TASK INPUTS =
________________________________________
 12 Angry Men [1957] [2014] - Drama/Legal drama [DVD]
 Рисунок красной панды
________________________________________
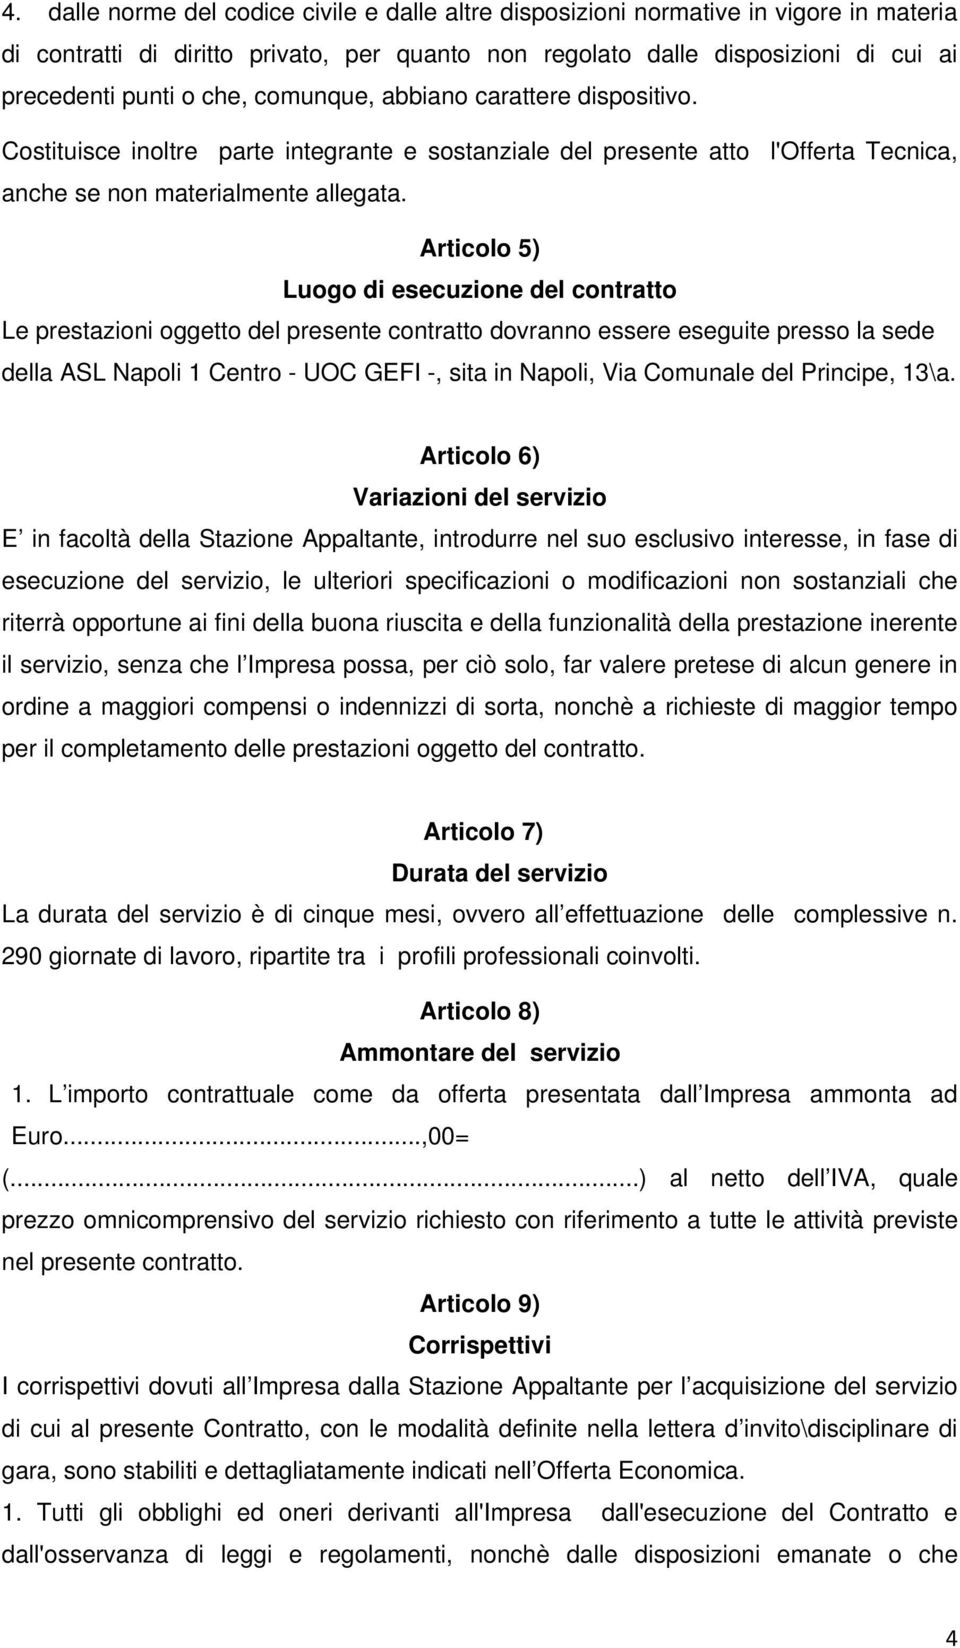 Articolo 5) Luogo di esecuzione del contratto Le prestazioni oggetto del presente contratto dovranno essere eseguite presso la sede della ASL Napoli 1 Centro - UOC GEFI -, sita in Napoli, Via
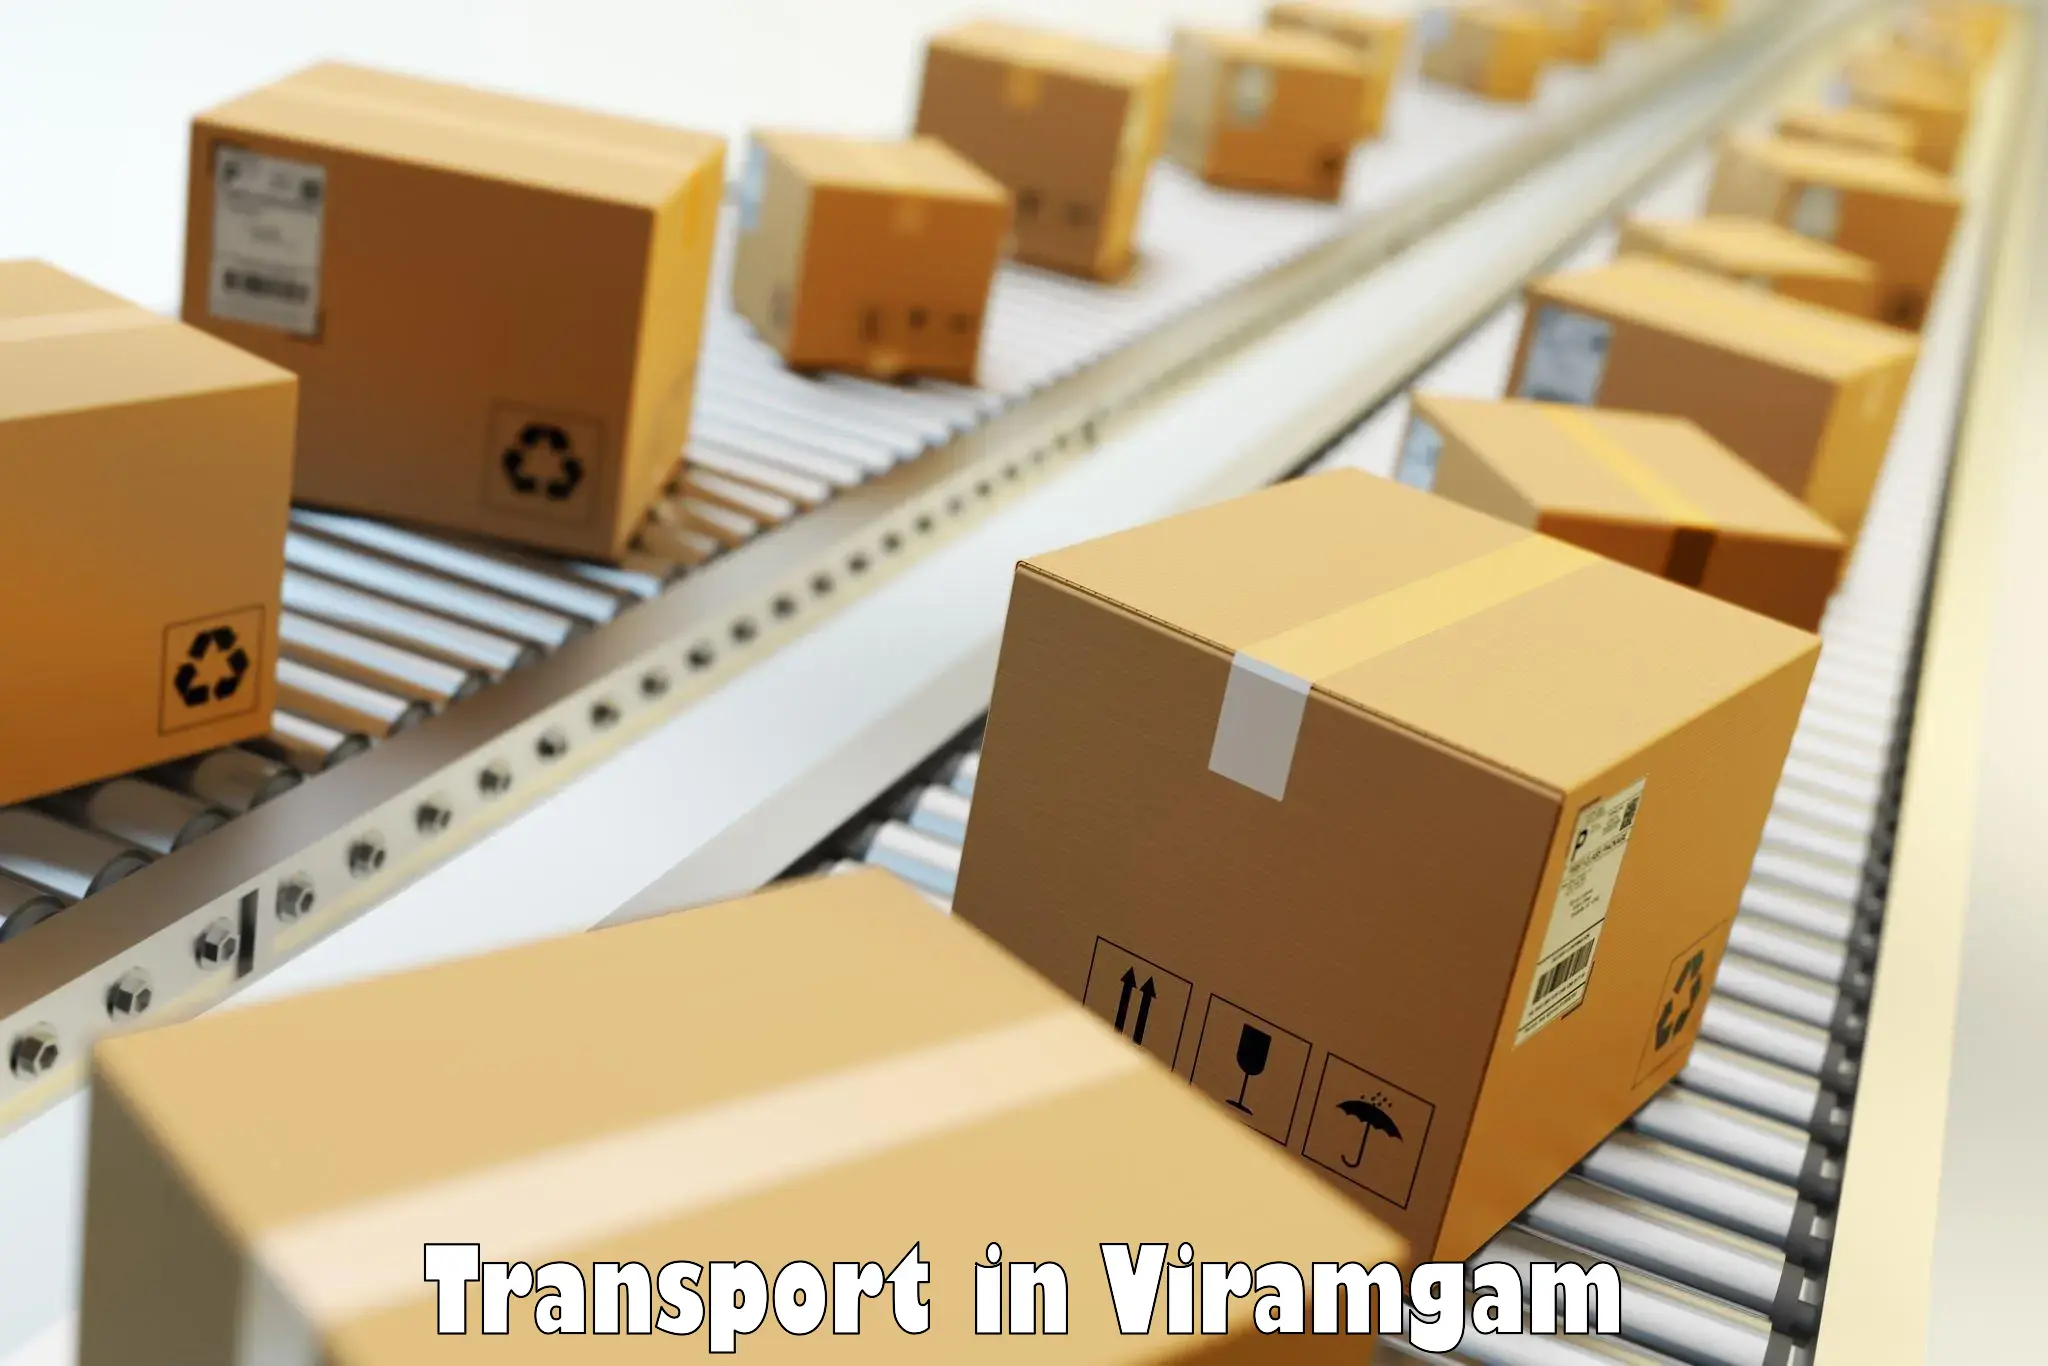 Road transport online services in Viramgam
________________________________________
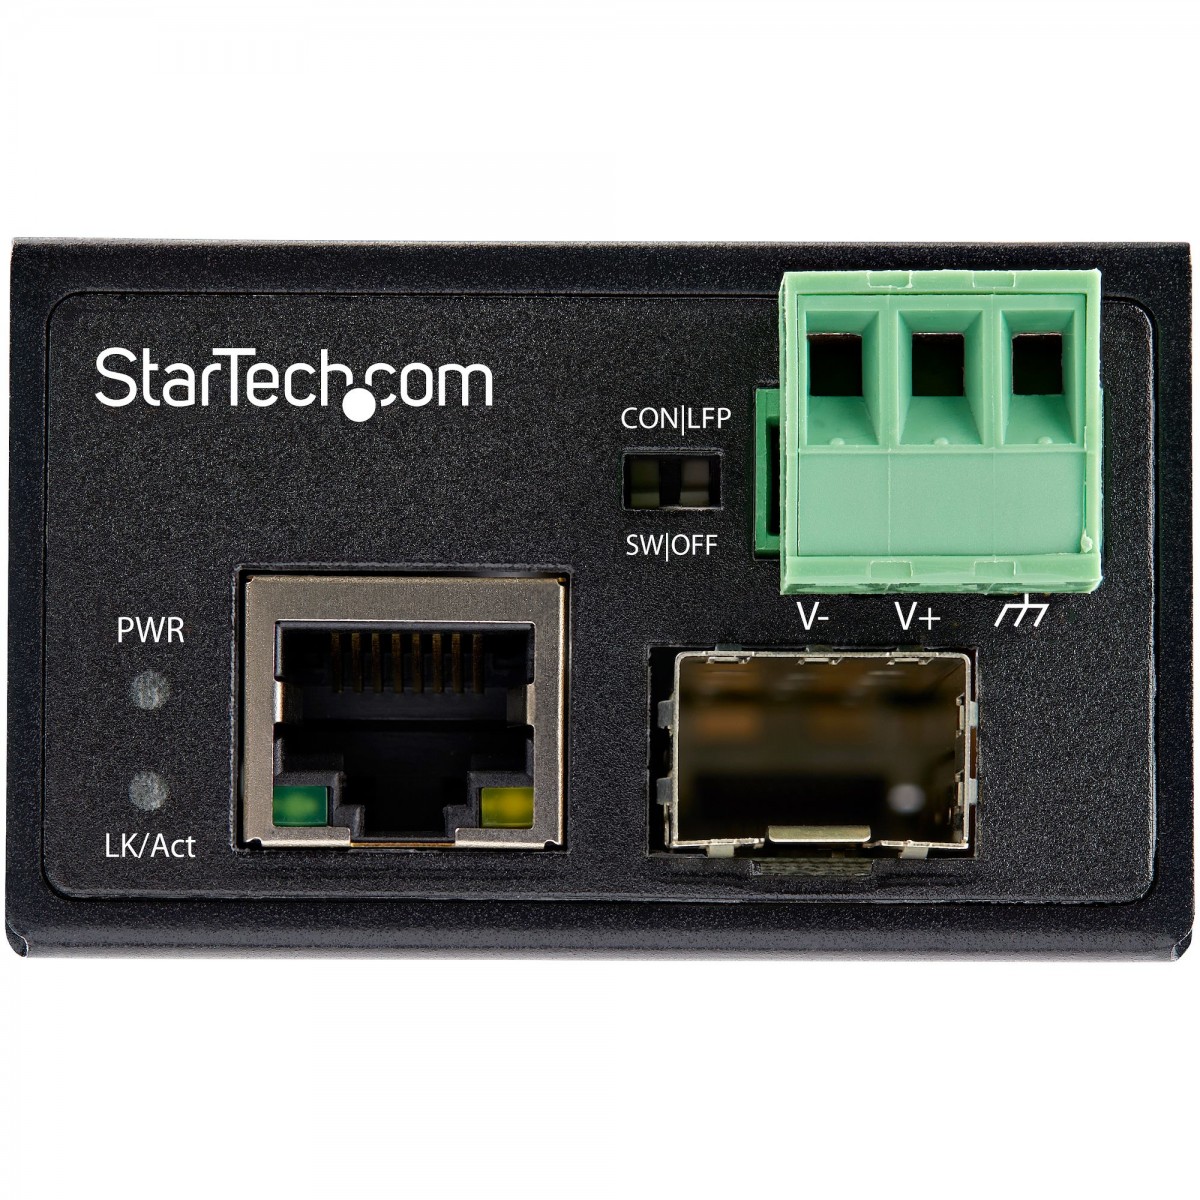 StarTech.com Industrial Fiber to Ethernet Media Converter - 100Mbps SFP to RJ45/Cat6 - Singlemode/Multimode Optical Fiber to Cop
________________________________________
EXERCISE OBJECTIVE = Each line in the listing above from the one containing "12 Angry Men" through the one containing "Рисунок красной панды" should be repeated exactly, and no other line.

SOLUTION TO THE PROBLEM =
 12 Angry Men [1957] [2014] - Drama/Legal drama [DVD]
 Рисунок красной панды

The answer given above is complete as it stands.